In this case, characterized by a critical, multisite infection supported by a difficult-to-treat bacterium such as MRSA, the strategy was to ensure maximum coverage, seeking both a pharmacodynamic synergism between antimicrobials, while including molecules with broad tissue distribution. In this perspective, the strategy was to combine at least two synergistic agents with favorable PK/PD profiles in each of the infected tissues: linezolid–ceftaroline for pneumonia and linezolid–daptomycin (and also ceftaroline) for soft tissues and musculoskeletal foci.
TDM for linezolid is crucial for correct dosage titration, especially among critically ill patients, due to the high variability and complex management of these subjects [15,16]. In particular, critically ill septic patients with acute kidney injury (AKI) who are undergoing CRRT could experience significant changes in linezolid PK/PD parameters [19,20]. In this case, we had to increase the linezolid dosage to 1800 mg/day to reach the target (Cmin 2–7 mg/L), as widely suggested in the literature [21,22]. Despite adequate linezolid dosing after adjustment, the patient suffered from progressive thrombocytopenia after two weeks of treatment. Therefore, we replaced linezolid with intravenous fosfomycin. The decision to replace linezolid with fosfomycin is supported by evidence of its synergistic effect with both daptomycin and ceftaroline. While daptomycin and ceftaroline disrupt S. aureus cell membrane synthesis, fosfomycin complements this action by inhibiting the early stages of peptidoglycan synthesis, enhancing the efficacy of both these antibiotics [23]. Moreover, thanks to its low molecular weight (138.06 g/mol) and protein binding, fosfomycin is known for its excellent penetration into the lungs, muscles, and abscesses, making it a suitable choice for a case like the one described [24,25]. Triple anti-MRSA therapy proved to be safe, and no other drug-related adverse effects were reported.

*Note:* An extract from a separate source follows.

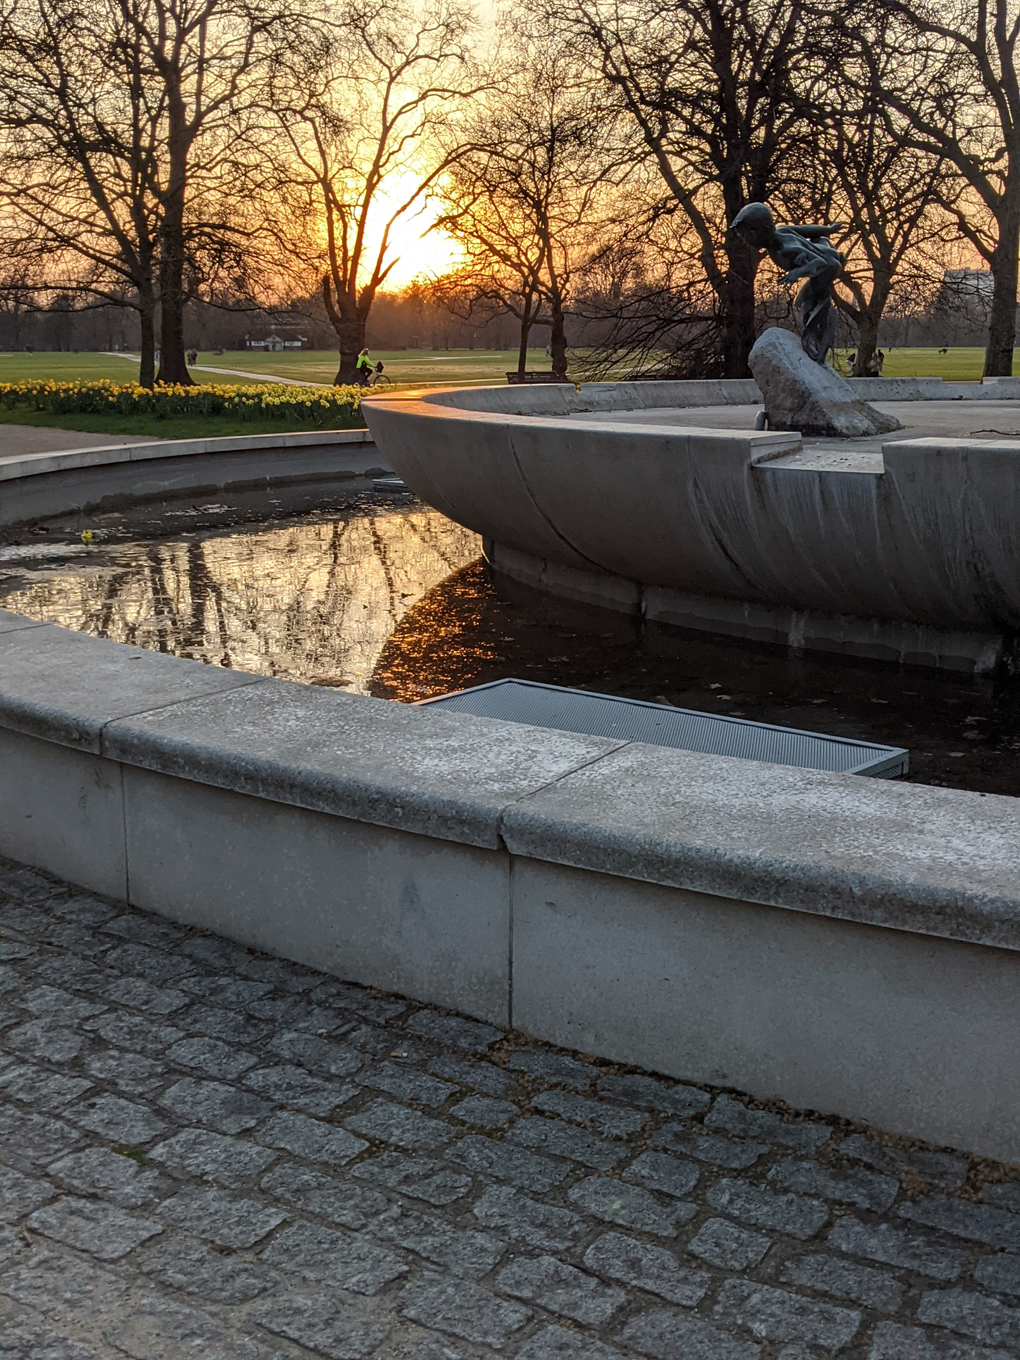 Sunset over a fountain at golden hour

The triple-targeted therapy was continued for 12 weeks.
Although the literature is not exhaustive in declaring the superiority of combination therapy over antimicrobial monotherapy, some authors agree on the difficulty in treating critical cases such as this one, where the fragility of the patient, the presence of multi-resistant organisms, the multiplicity and different localization of infectious foci, and the difficulty in performing rapid and effective source control could compromise the efficacy of antimicrobial therapy, especially in case of TDM unavailability [26]. Regarding adverse events (AEs), the use of a greater number of agents suggests more careful monitoring of toxicities, even if in an ICU setting where patients are closely monitored (e.g., CPR and eosinophilia for patients receiving daptomycin, and lactate levels and platelet counts for those on linezolid, hypernatremia for fosfomycin). The benefits of an intensified antibiotic regimen may significantly outweigh the risks, especially in centers equipped with clinical pharmacology and therapeutic drug monitoring services.
Second, soon after ICU admission, pediatric surgeons evaluated the patient for an early surgical debridement, but no evident focus was identified. Furthermore, endocarditis was ruled out through serial echocardiographic exams. Patients with a positive follow-up blood culture should undergo a thorough evaluation for occult foci of infection and an immediate surgical debridement [27]. Only a high index of suspicion and the presence of a multidisciplinary team made it possible to identify metastatic foci as soon as they were evident. Source control is a cornerstone of sepsis treatment and should be performed as early as possible to reduce mortality [28]. After effective source control, blood cultures resulted negative within a few days, and clinical conditions improved. Therefore, surgical debridement was necessary to obtain an infection cure, regardless of the correct antibiotic therapy. This case showed that source control is crucial, especially in persistent bacteremia, even in cases where the primitive focus appears uncertain or small. VAC therapy can be a helpful tool in managing extensive tissue debridement.
Lastly, ECCO2-R can be valuable in ensuring ultra-protective mechanical ventilation in the presence of multiple lung abscesses [29,30]. The initiation of treatment was carried out without anticoagulation. After the patient’s stabilization, anticoagulation was maintained with unfractionated heparin at a dose of 800–1400 U/h.

4. Conclusions

MRSA may cause life-threatening diffuse infections among pediatric and young adult healthy patients. A multidisciplinary approach, characterized by source control, effective combination therapy tailored through fast microbiology and TDM, and advanced management of organ complications, is needed to combat these severe infections adequately. Microbiologists, infectious disease specialists, clinical pharmacologists, and surgeons should be involved to ensure optimal support to intensivists and provide a 360-degree view of such complex cases.

Author Contributions

Conceptualization, M.L., S.A. and R.F.; methodology, M.L., S.A. and S.S.; validation, M.L., S.A., R.F. and M.S.; formal analysis, M.L., S.A., S.S. and R.F.; investigation, M.L., S.A. and S.S.; resources, M.L., S.A., S.S. and M.S.; data curation, M.L. and S.A.; writing—original draft preparation, M.L. and S.A.; writing—review and editing, M.L., S.A., R.F., M.S. and S.S.; supervision, R.F. All authors have read and agreed to the published version of the manuscript.

Funding

This research did not receive any specific grant from funding agencies in the public, commercial, or not-for-profit sectors.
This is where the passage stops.